The majority of people using LoadRunner aren’t great programmers, and the ones who are aren’t necessarily great programmers in C. Fortunately, the level of skill required for most problems is not very high, and everyone muddles along as best they can.

Not surprisingly, the small proportion of problems that require more than basic knowledge of C are done poorly (or by someone else).

The most common problem that requires additional programming is basic string manipulation. Most LoadRunner scripts are written in C, and manipulating strings with C is like pulling teeth.

I would argue that Mercury’s choice to use C as LoadRunner’s main scripting language, while having the advantages of it being a solid standard, having a low performance overhead, and there being a large pool of people at least partially familiar with the language, has the unfortunate trade-off of it being…well…kind of hard for most people.

Here’s my solution to the above problem.

// This function converts a numeric string to a dollar value.
// eg. 123456 becomes $123,456.00
LPCSTR ConvertStringToDollars(char input[20]) {
    int i;
    // To account for the extra characters that will be added, the size of output
    // should be 4 + strlen(input) + (strlen(input)/3)
    char output[30];


    // insert a comma every third character, but not at the start.
    for (i=0; i<strlen (input); i++) {
        if ( ((strlen(input)-i)%3==0) && (i!=0) ) {
            output[strlen(output)] = ′,′;
        output[strlen(output)] = input[i];

    strcat(output, ".00");

    return output;

    lr_output_message(ConvertStringToDollars("123456")); // Prints "$123,456.00"
    return 0;

This illustrates my point perfectly. Even though the code performs a simple operation, it’s complicated, and requires knowledge of how C stores data in memory in order to implement. Possibly more importantly, implementing the solution in C takes a lot longer than it might in another language. If there are any mistakes in my code, it just proves my point even more.

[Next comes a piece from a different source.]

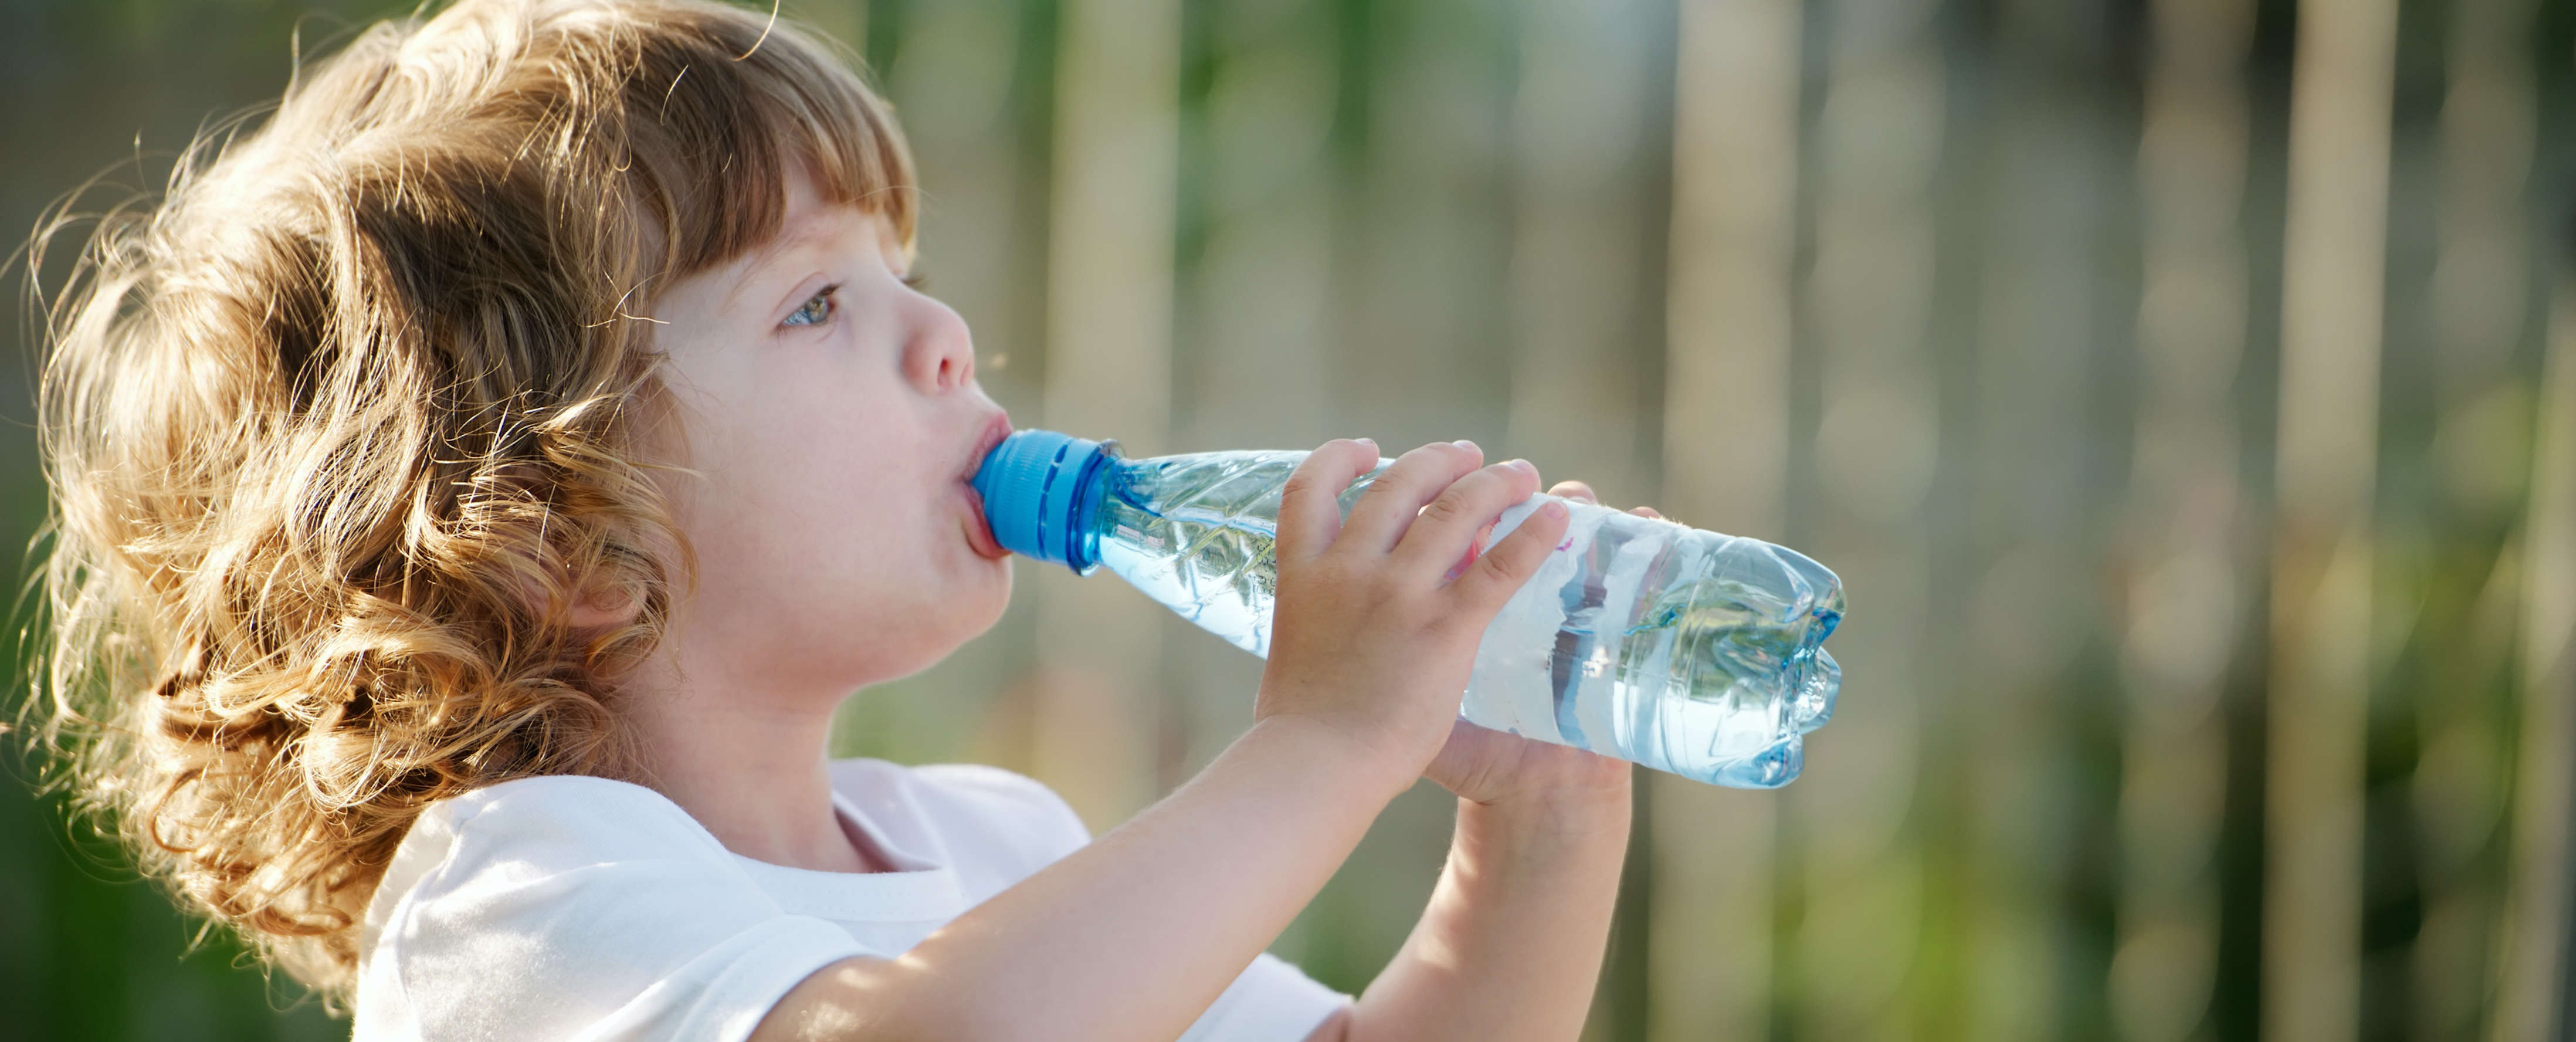 Вода младенцу пить. Дети воды. Ребенок пьет. Человек пьет воду. Ребенок с бутылкой воды.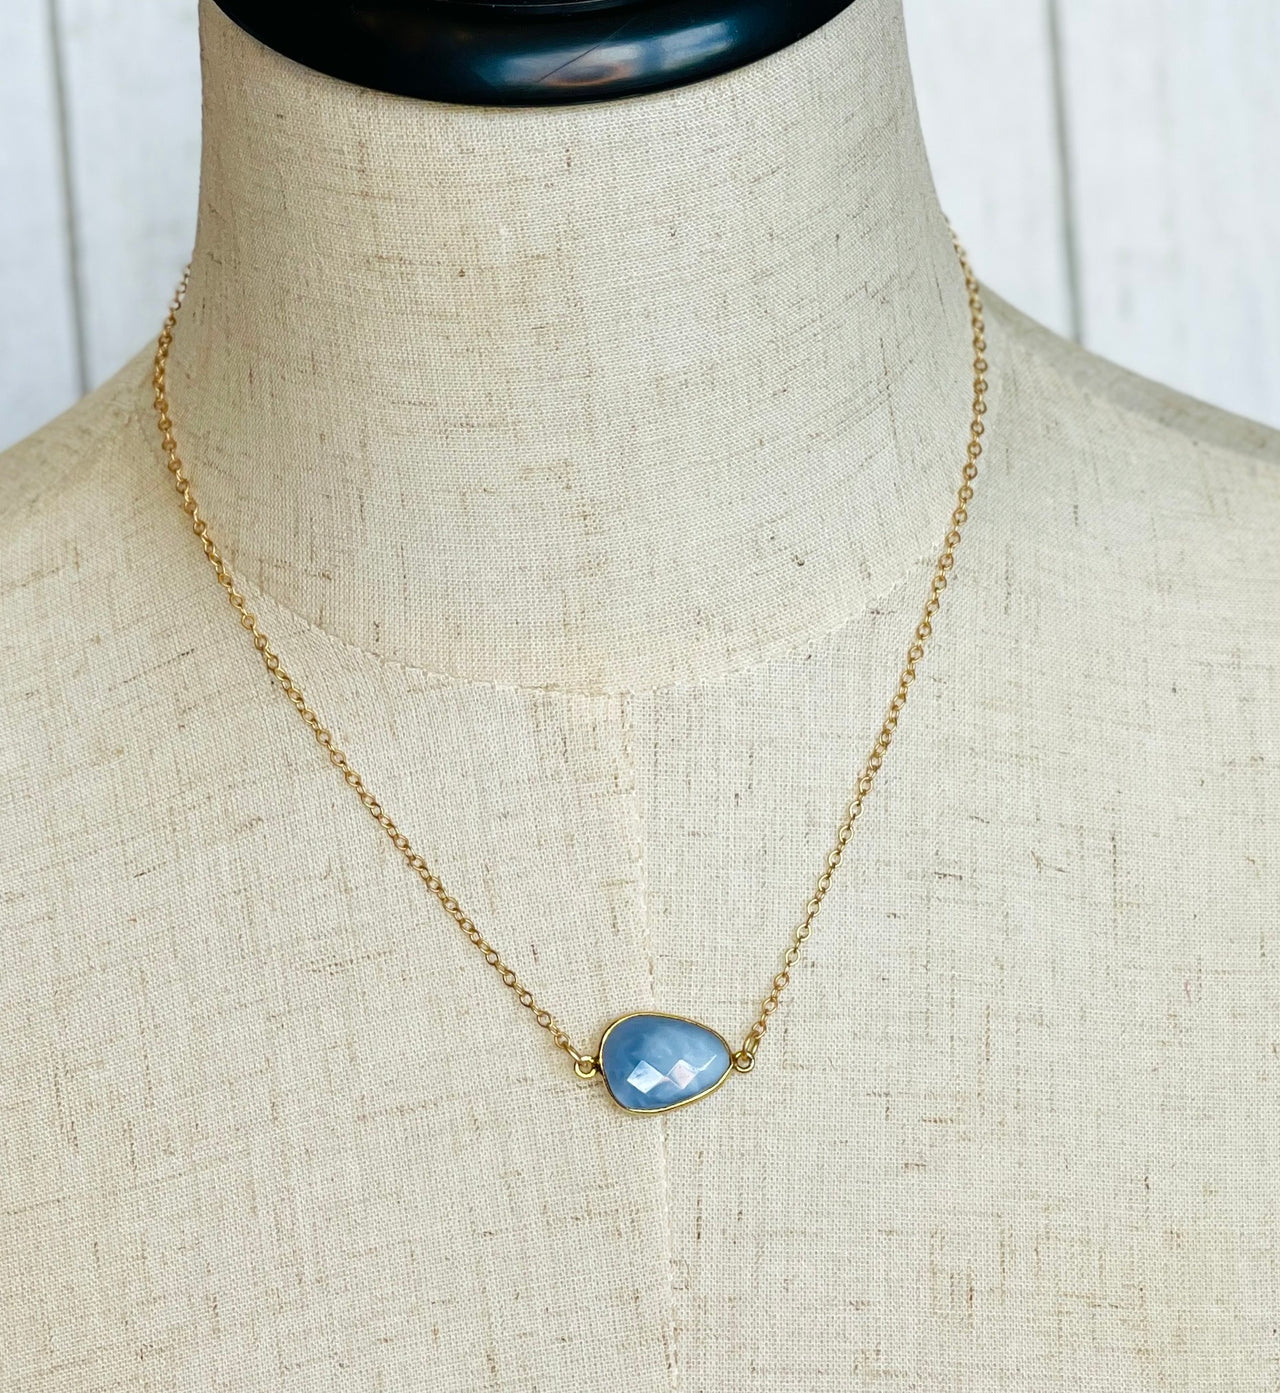 Blue Opal Necklace

As computers increase in power and the performance advantage of writing performance test scripts in C shrinks even further compared to other languages, the relative disadvantages of C will grow in the minds of testers.


Published On: June 15, 2005Tags: ,


  1. Anonymous June 19, 2005 at 3:16 pm

    It’s like some kind of brain teasing challenge…

    You have the following functions sprintf, strcat, strchr, strcmp, strcpy,
    strdup, stricmp, strlen, strlwr, strncat, strncmp, strncpy, strnicmp,
    strrchr, strset, strspn, strstr, strtok, strupr, and as many native
    language features as you like. Try not to leak or overwrite memory. Your time starts now…

  2. Stuart Moncrieff July 31, 2005 at 9:37 pm

    Another recent Mercury Support Forum question (and my answer) demonstrates my point also…

    How to find the absolute value of a double ?

    How to find the absolute value of a double variable ?

    function “abs()” gives wrong result.

    Thanks & Regards


    How to find the absolute value of a double ?
    Your problem is that the standard C library funtion abs() is expecting its argument to be an int rather than a double. As C is a weakly typed language, the function just treats the double value as if it was an int even though the two data types are stored differently in memory. Consequently you get garbage as output.


  3. Stuart Moncrieff October 19, 2005 at 10:24 pm

    I’ve said it before. Everyone who uses LoadRunner professionally should know C.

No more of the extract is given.